Chronological Time Line (UK Time - GMT)
25-10-2020 12:00 - Node5 (server) is rebooted for planned and scheduled maintenance. This was routine maintenance which had been subsequently completed succesfully on other nodes in previous days.
25-10-2020 12:15 - The server does not power back online.
25-10-2020 12:45 - Fosshost engineers raise NOC (network operations center) incident with FDCServers.net (FDC) to investigate
25-10-2020 13:10 - FDC engineers respond to advise that the server has entered grub rescue mode.
25-10-2020 14:00 - IPMI (virtual KVM over IP / console) connectivity to the node is established, following delays connecting due to legacy java web applet technology.
25-10-2020 14:30 - Server commands such as reboot, and reading the file systems and partitions are undertaken to understand if data integrity has been impacted.
25-10-2020 15:00 - It is determined that no hard drives have been impacted however the server is failing to boot into Proxmox OS.
25-10-2020 15:30 - Third line support case is raised with Proxmox Support Team.
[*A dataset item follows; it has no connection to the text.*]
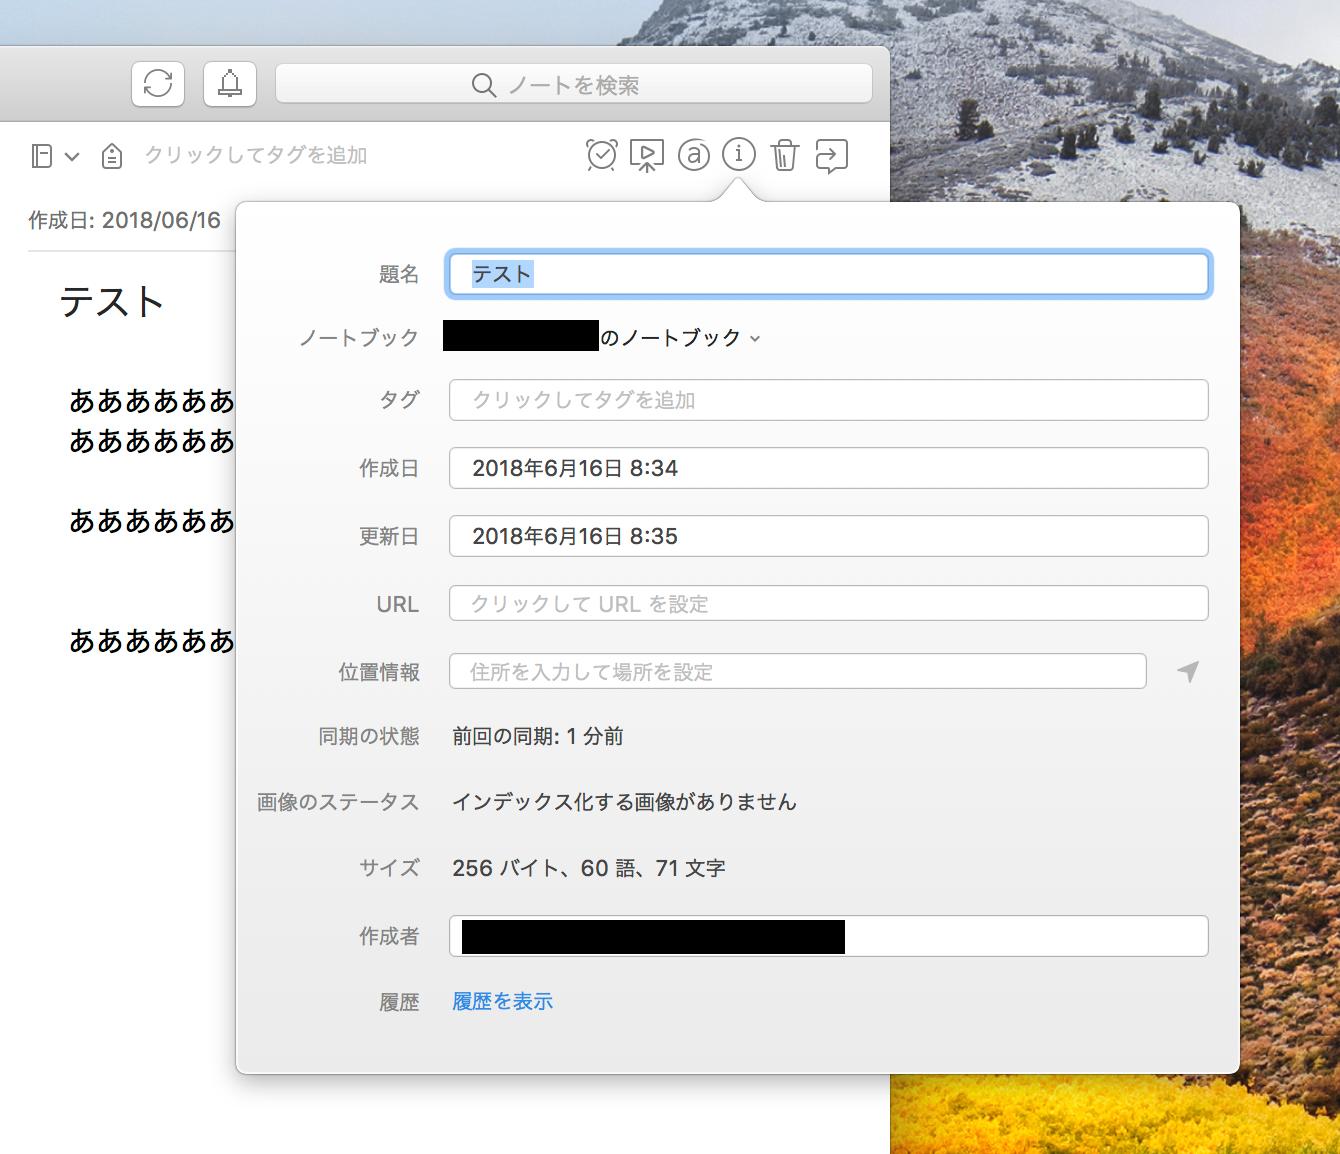 EvernoteのMac版で文字数を見る
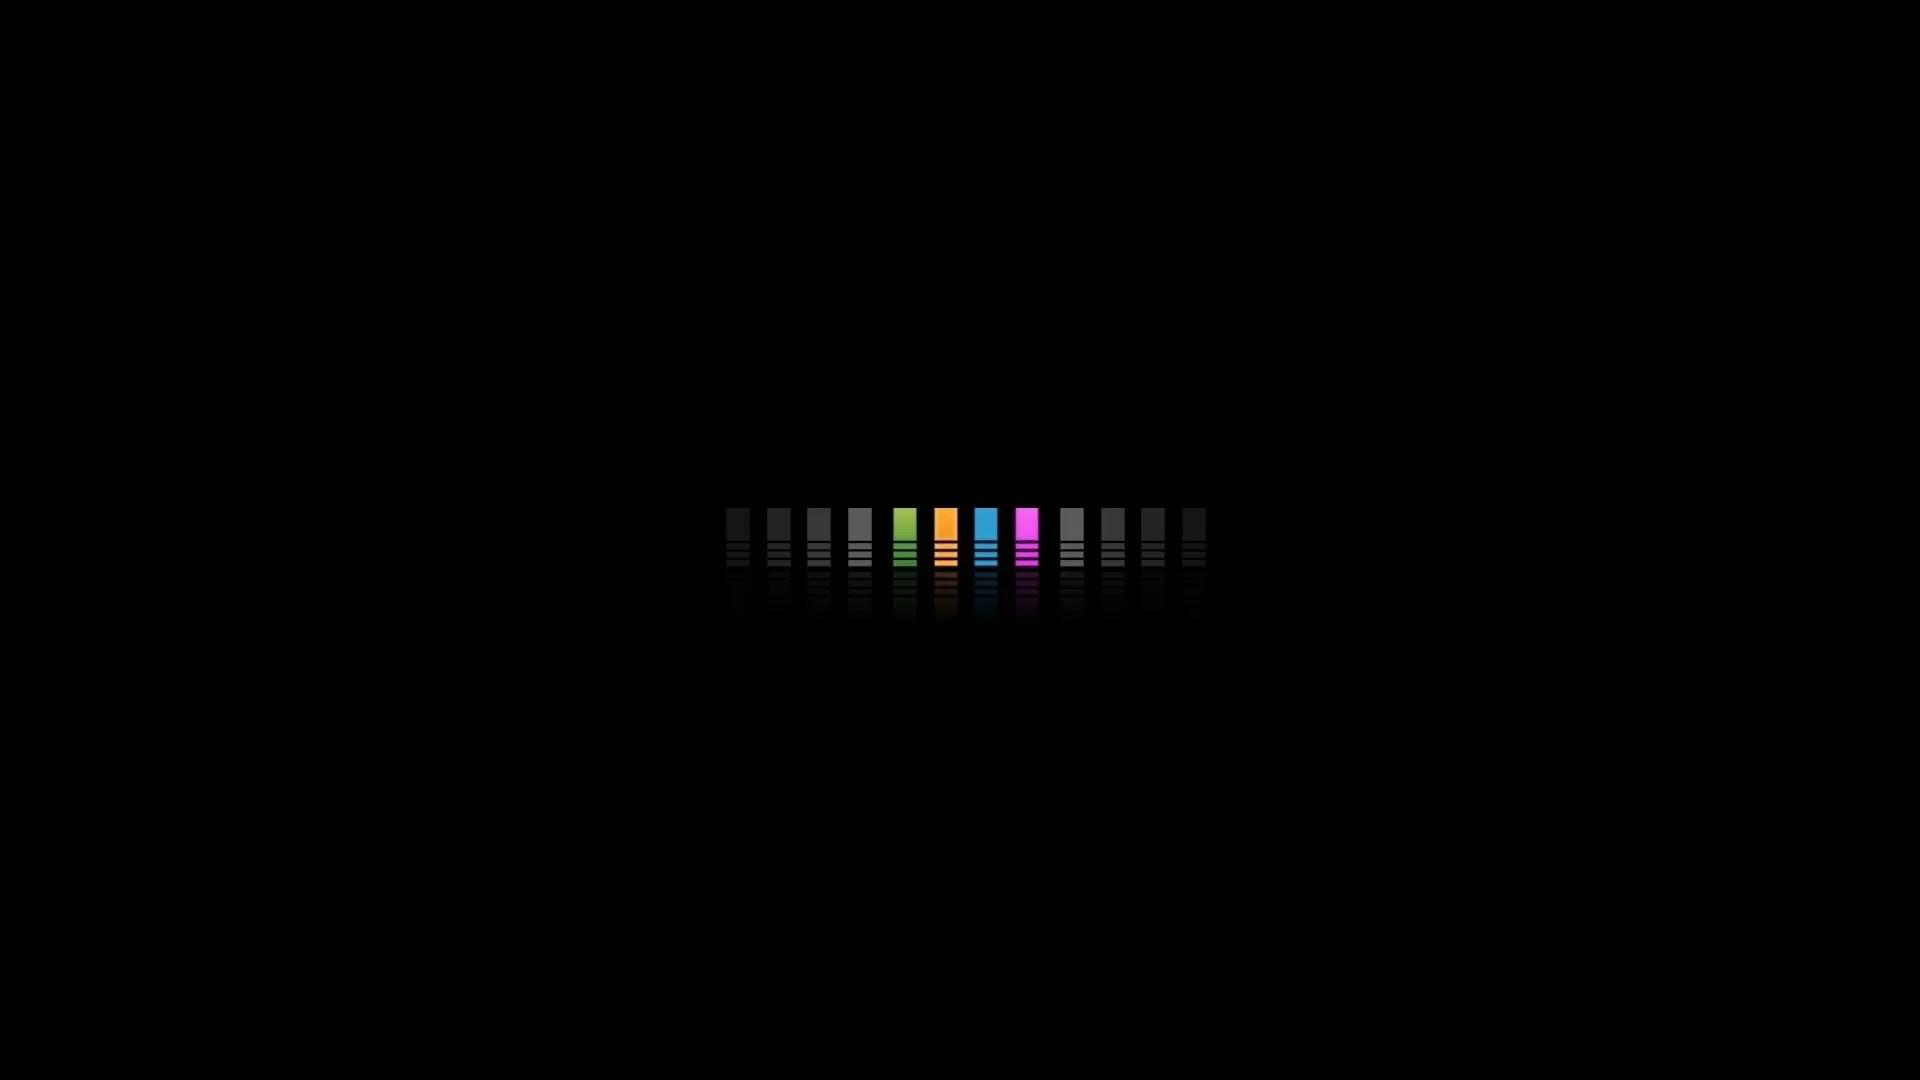 loading Black background

25-10-2020 16:00 - Fosshost engineers try to boot server using Linux live CD to repair grub boot records.
25-10-2020 18:00 - This is unsuccesful due to the IPMI technology timing out.
25-10-2020 20:00 - Full investigation logs are written up thus far and shared with FDC engineers to investigate
25-10-2020 23:00 - Independant advice is sought from the Grub community - this suggests that the issue could be related to software config.
Further delays are experienced outside of our control (IPMI, third party delays, SLAs)
26-10-2020 02:00 - We attempt to recover zpool pool but due to the debian live image not supporting ZFS this exercise failed.
26-10-2020 08:00 - Third line support case is raised with Proxmox Support Team.
26-10-2020 20:00 - Following further contact with FDC engineers - Fosshost engineers boot with an ubuntu live image that supports ZFS file systems. The ZFS pool is intact and offsite backups are taken to preserve data. This is succesful.
26-10-2020 21:00 - Tests prove succesful when restoring VMDK images on another live node
26-10-2020 23:00 - Node5 is rebuilt from the ground up and Proxmox reinstalled
27-10-2020 01:00 - All VMs are recovered that we reconstructed the VMs from their images and confirmed that they were operational.
27-10-2020 03:00 - US Mirrors are in the process of rebuilding due to becoming outdated and this will take time
27-10-2020 06:00 - All VMs (virtual machines) restored. Node5 is fully operational
This issue was opened retrospectively.